Given the records underneath, please repeat exactly the lines from the line with "Vase géant en" through the line with "Superbe vase italien", passing over any picture.

-------- Supplied material --------

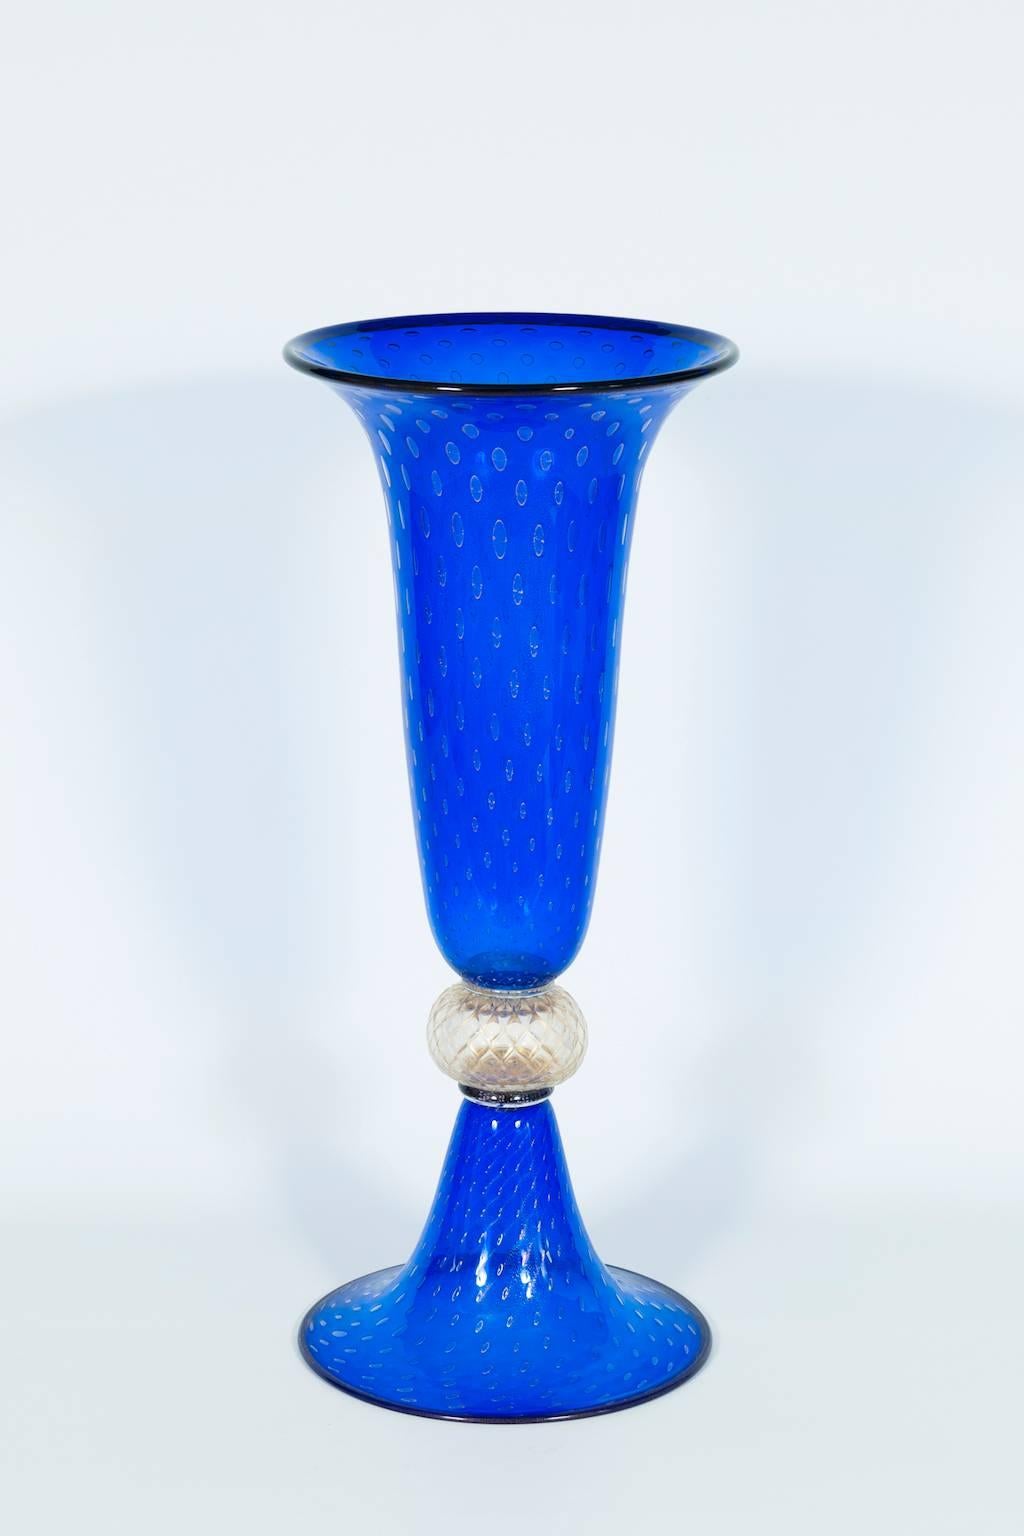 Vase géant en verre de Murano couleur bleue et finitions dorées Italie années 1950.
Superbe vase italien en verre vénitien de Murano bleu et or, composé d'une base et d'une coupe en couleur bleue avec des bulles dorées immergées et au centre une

--------
-------- Supplied material --------

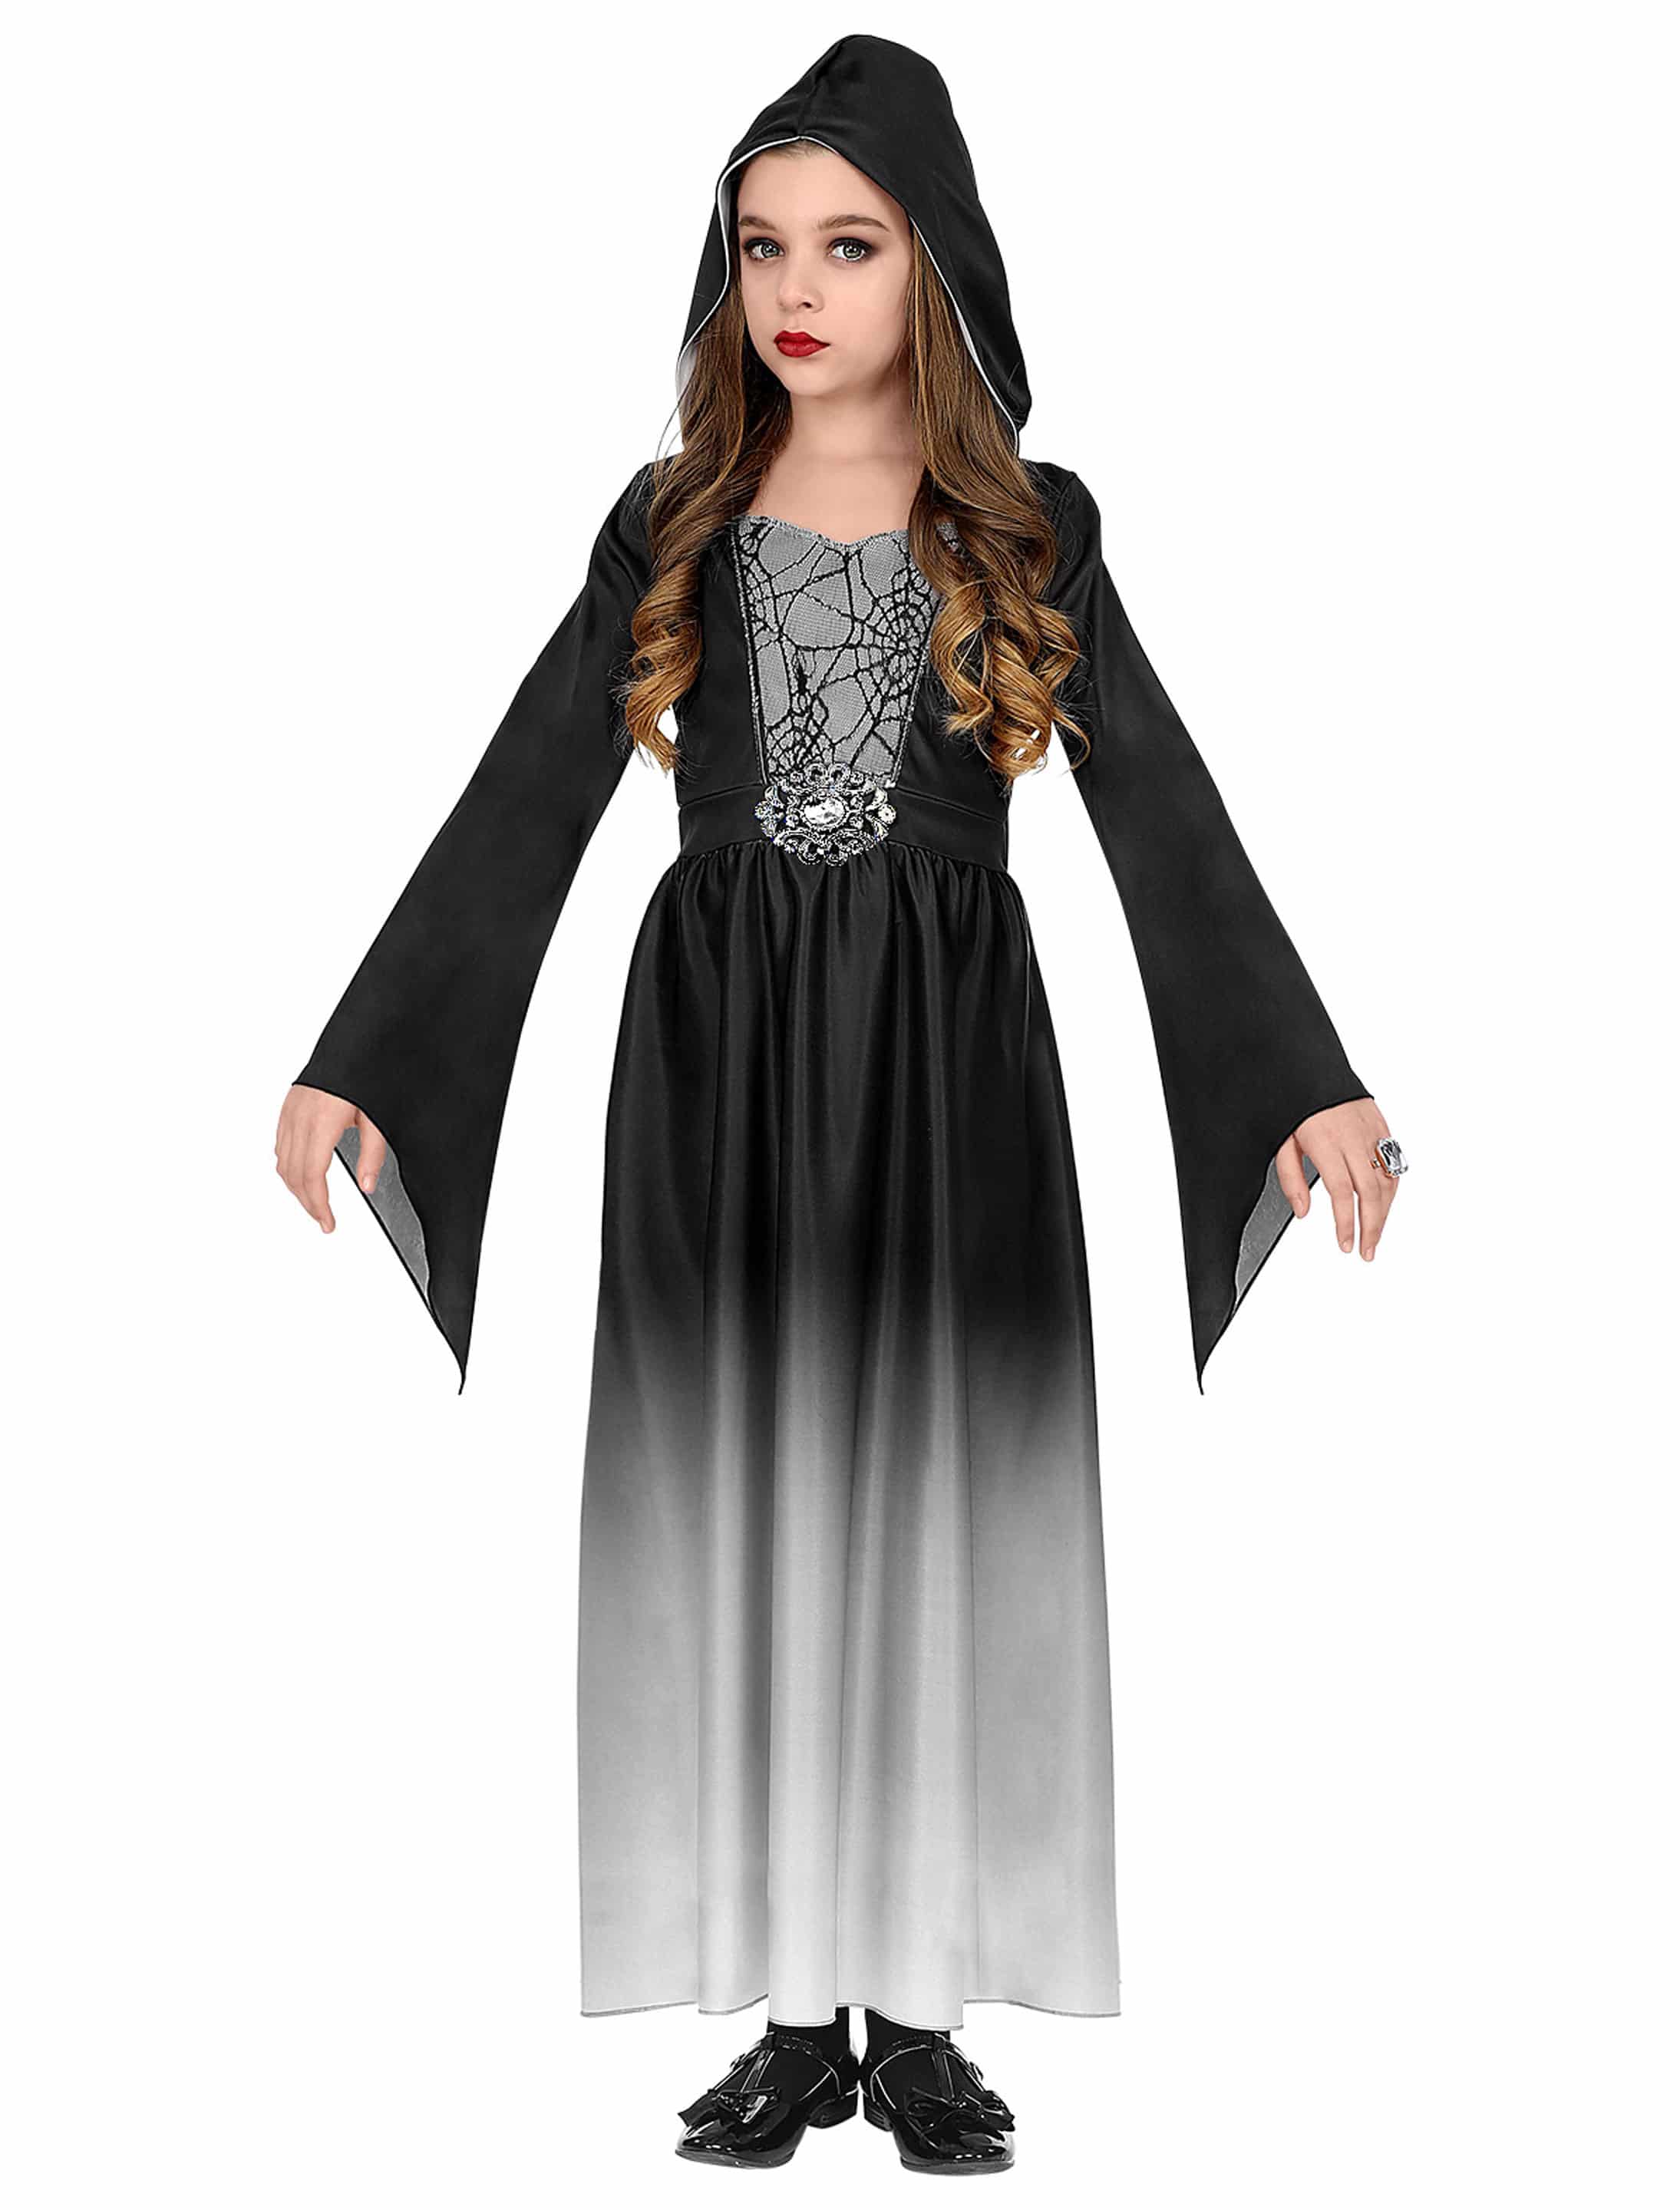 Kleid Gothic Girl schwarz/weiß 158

--------

Answer space
 Vase géant en verre de Murano couleur bleue et finitions dorées Italie années 1950.
Superbe vase italien en verre vénitien de Murano bleu et or, composé d'une base et d'une coupe en couleur bleue avec des bulles dorées immergées et au centre une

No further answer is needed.